Record extracts:
══════

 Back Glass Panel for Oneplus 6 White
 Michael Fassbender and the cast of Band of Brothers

══════

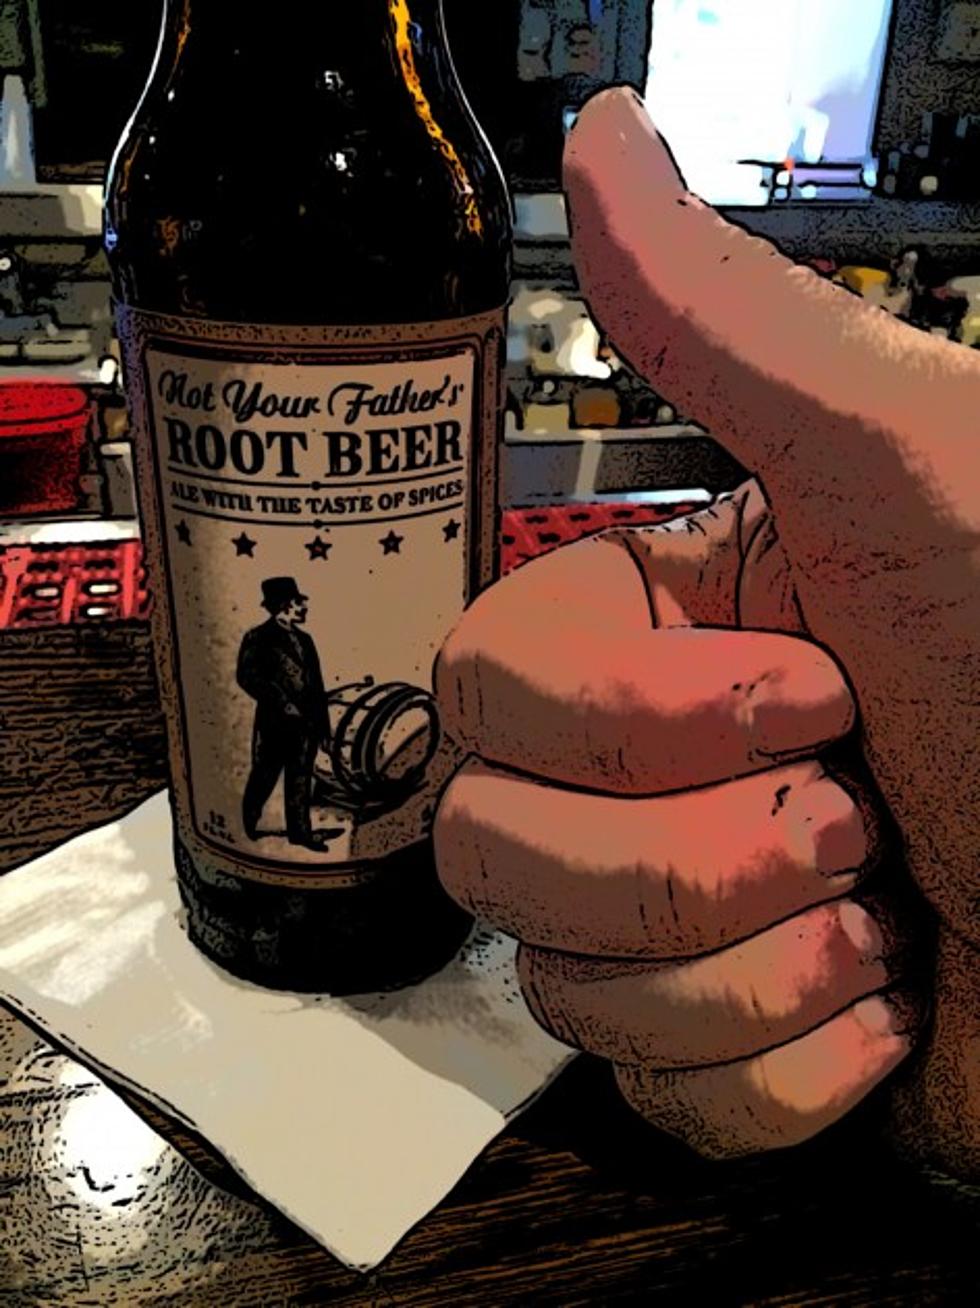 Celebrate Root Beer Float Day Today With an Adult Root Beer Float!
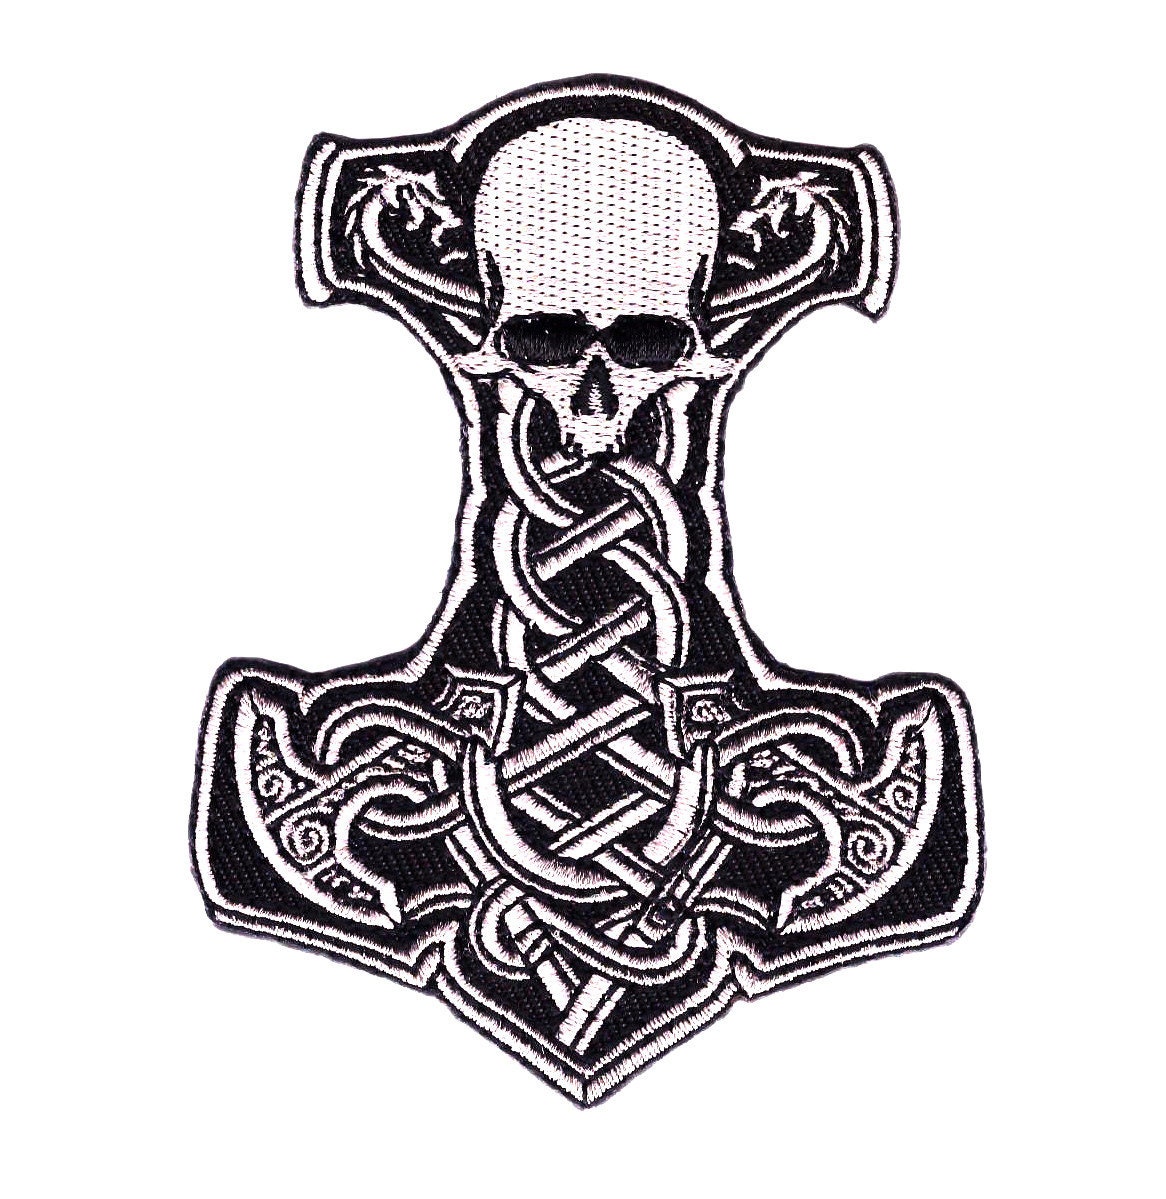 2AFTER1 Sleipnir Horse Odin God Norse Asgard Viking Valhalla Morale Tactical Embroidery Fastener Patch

══════

What you should do: What you return should be exactly the lines above, starting at the one with "Back Glass Panel for Oneplus 6 White" and ending at the one with "Michael Fassbender and", and nothing else.

Task response:
 Back Glass Panel for Oneplus 6 White
 Michael Fassbender and the cast of Band of Brothers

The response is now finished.